* EXERCISE REQUIREMENTS *
Each line below should be repeated exactly as written, with no pictures carried over.
** RECORDED INFORMATION follows **
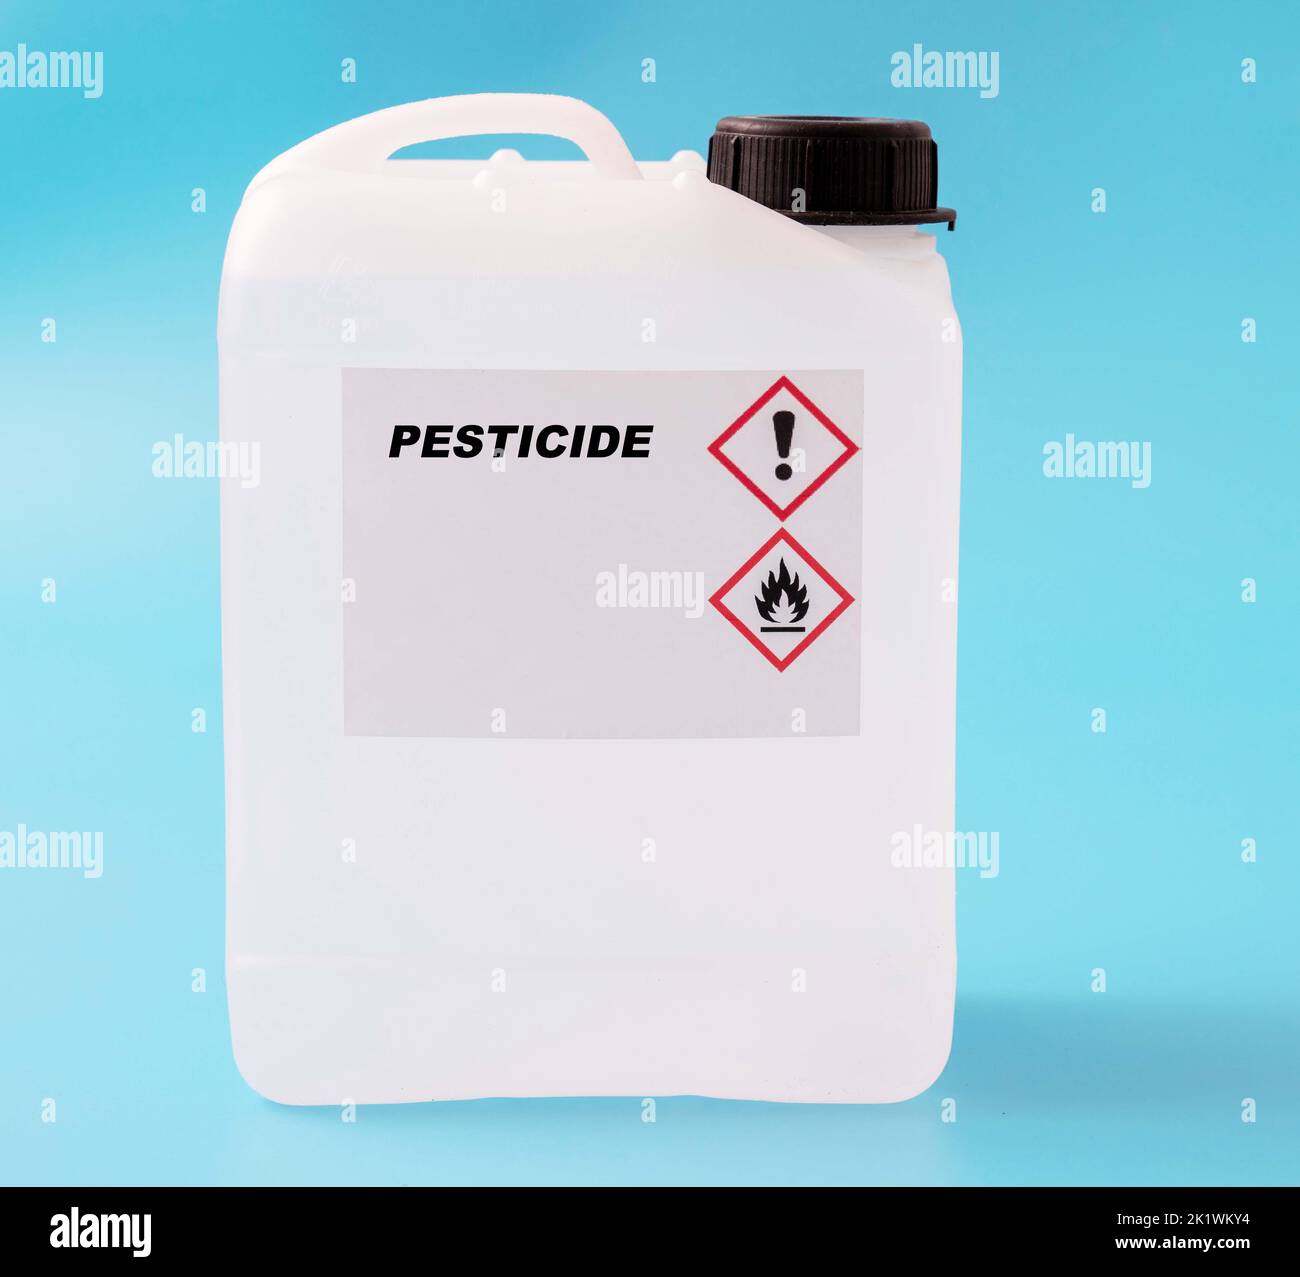 Pesticide in a plastic canister, conceptual image Stock Photo
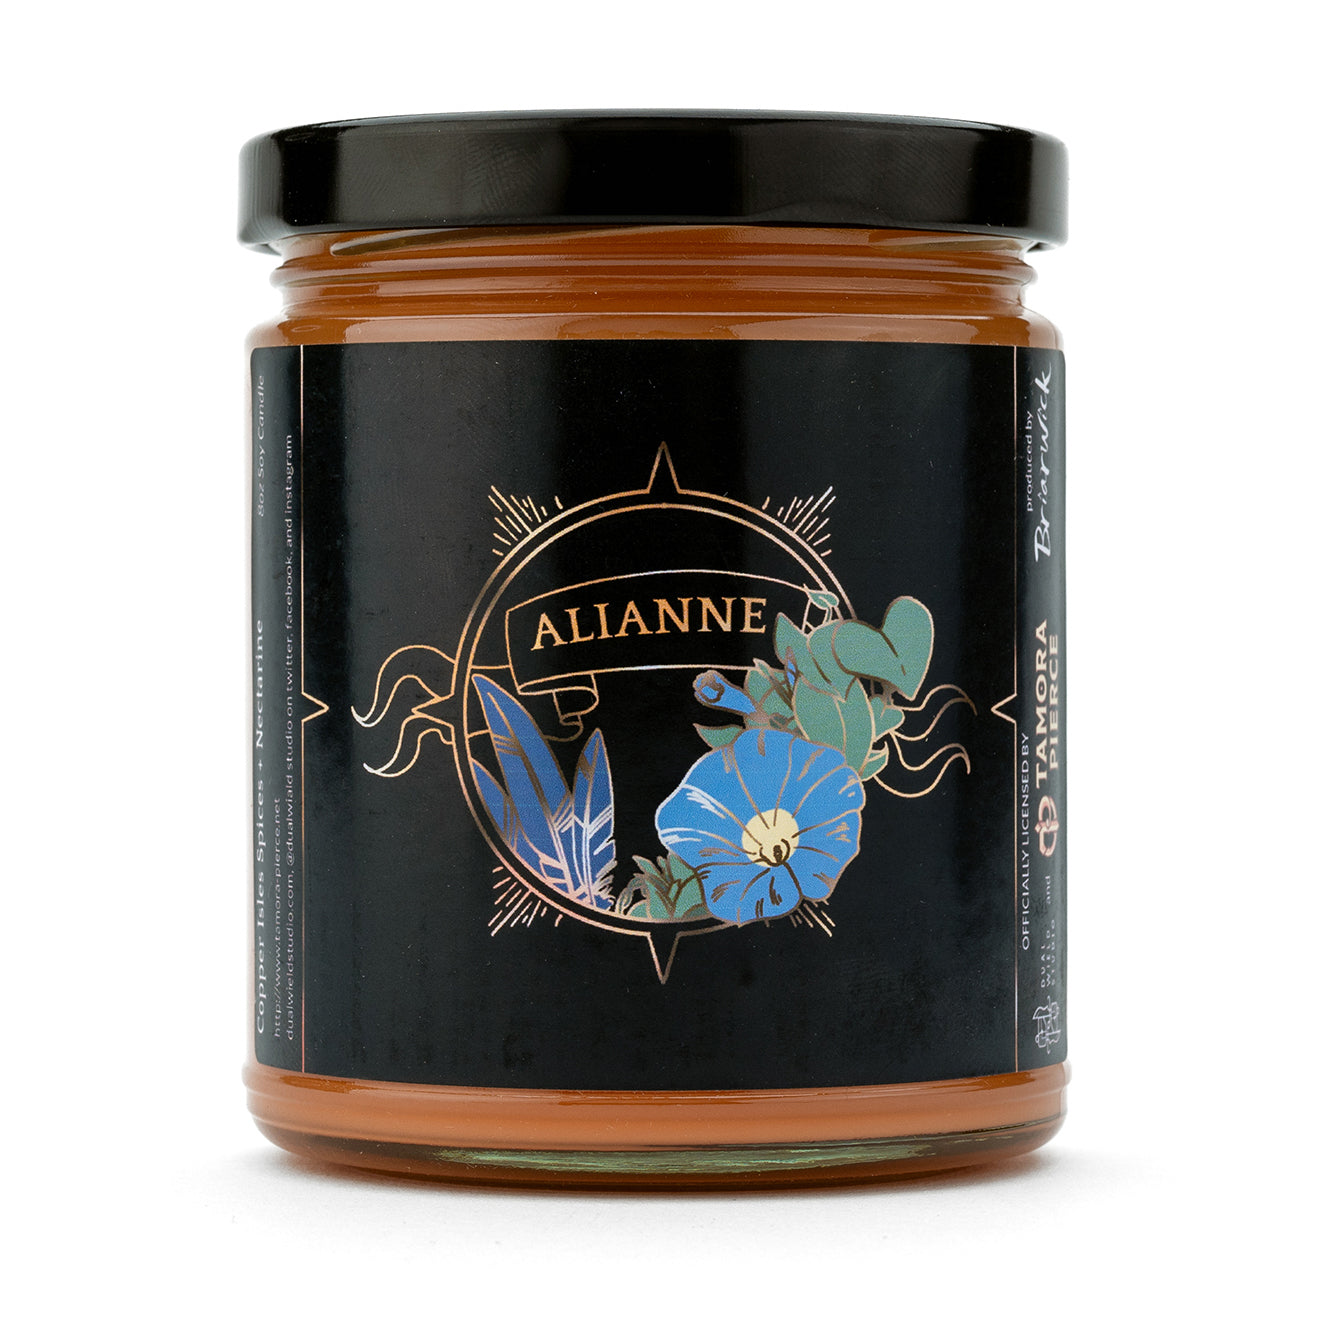 Alianne Candle - Tamora Pierce Officially Licensed - Soy Vegan Candle
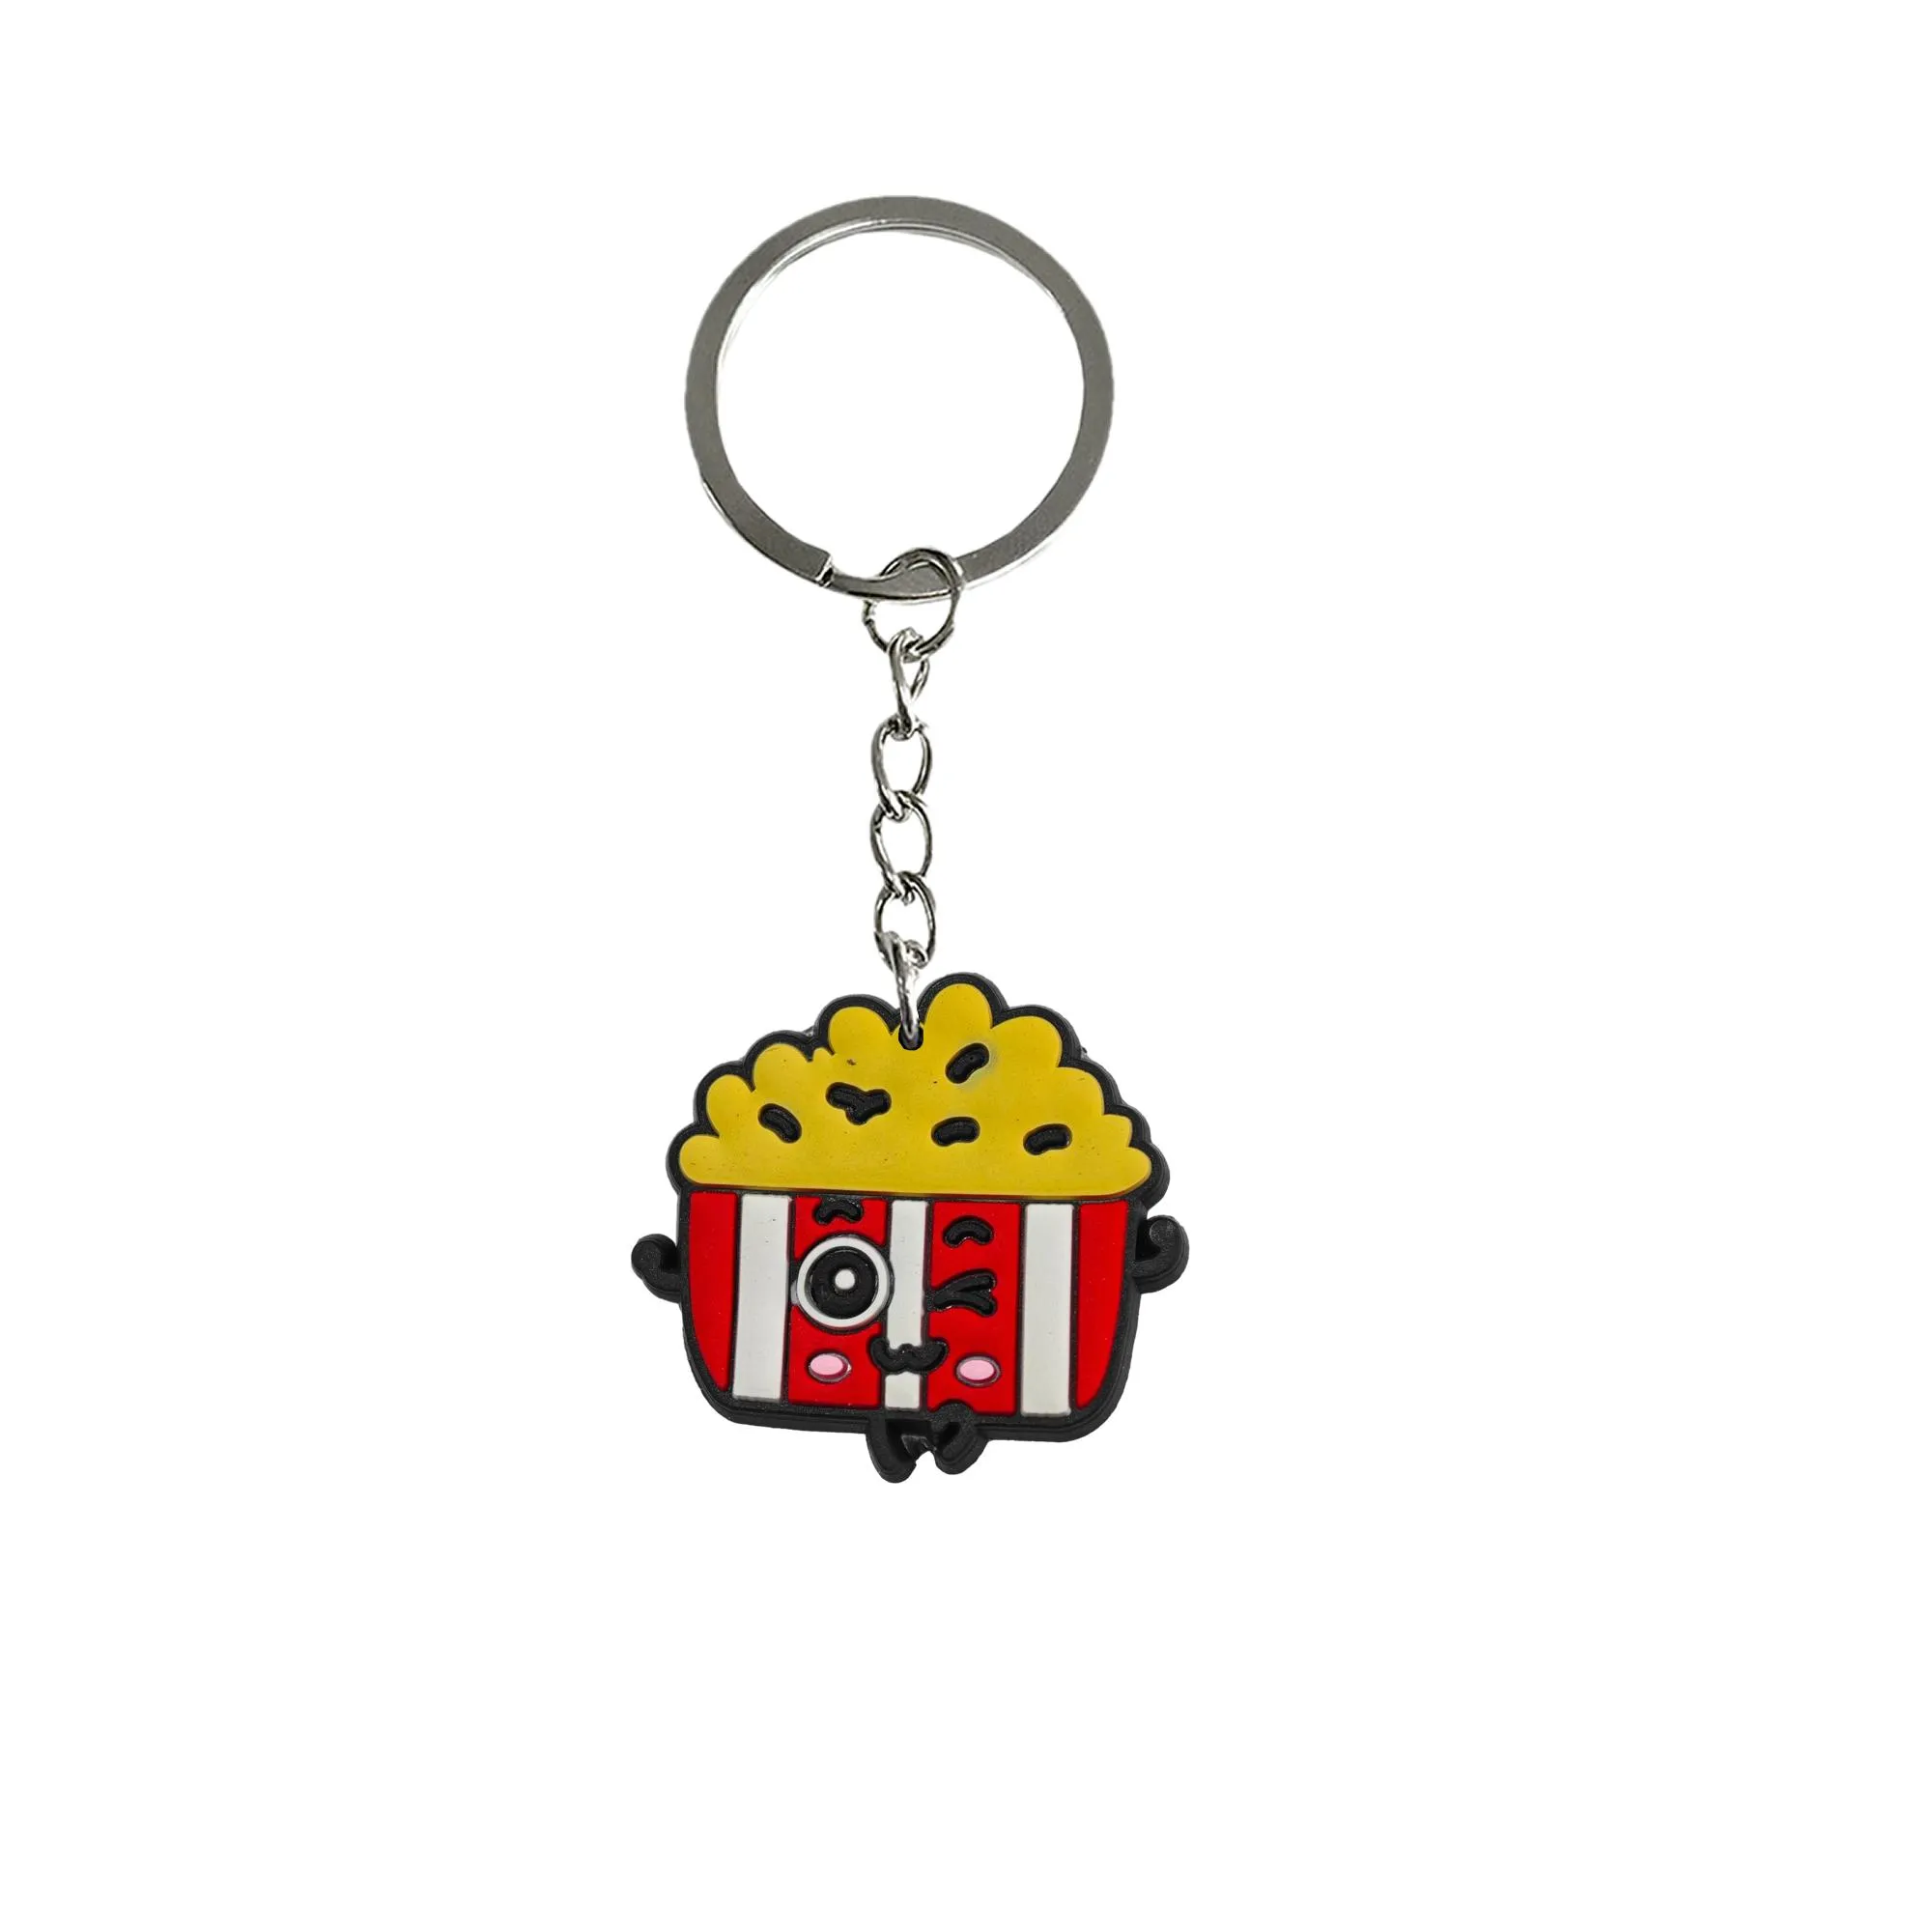 food keychain for birthday christmas party favors gift boys keychains key ring girls keyring suitable schoolbag mini cute classroom prizes tags goodie bag stuffer gifts chain fans
** End of RECORDED INFORMATION **
* SOLUTION TO THE PROBLEM *
 Pesticide in a plastic canister, conceptual image Stock Photo
 Alianne Candle - Tamora Pierce Officially Licensed - Soy Vegan Candle
 food keychain for birthday christmas party favors gift boys keychains key ring girls keyring suitable schoolbag mini cute classroom prizes tags goodie bag stuffer gifts chain fans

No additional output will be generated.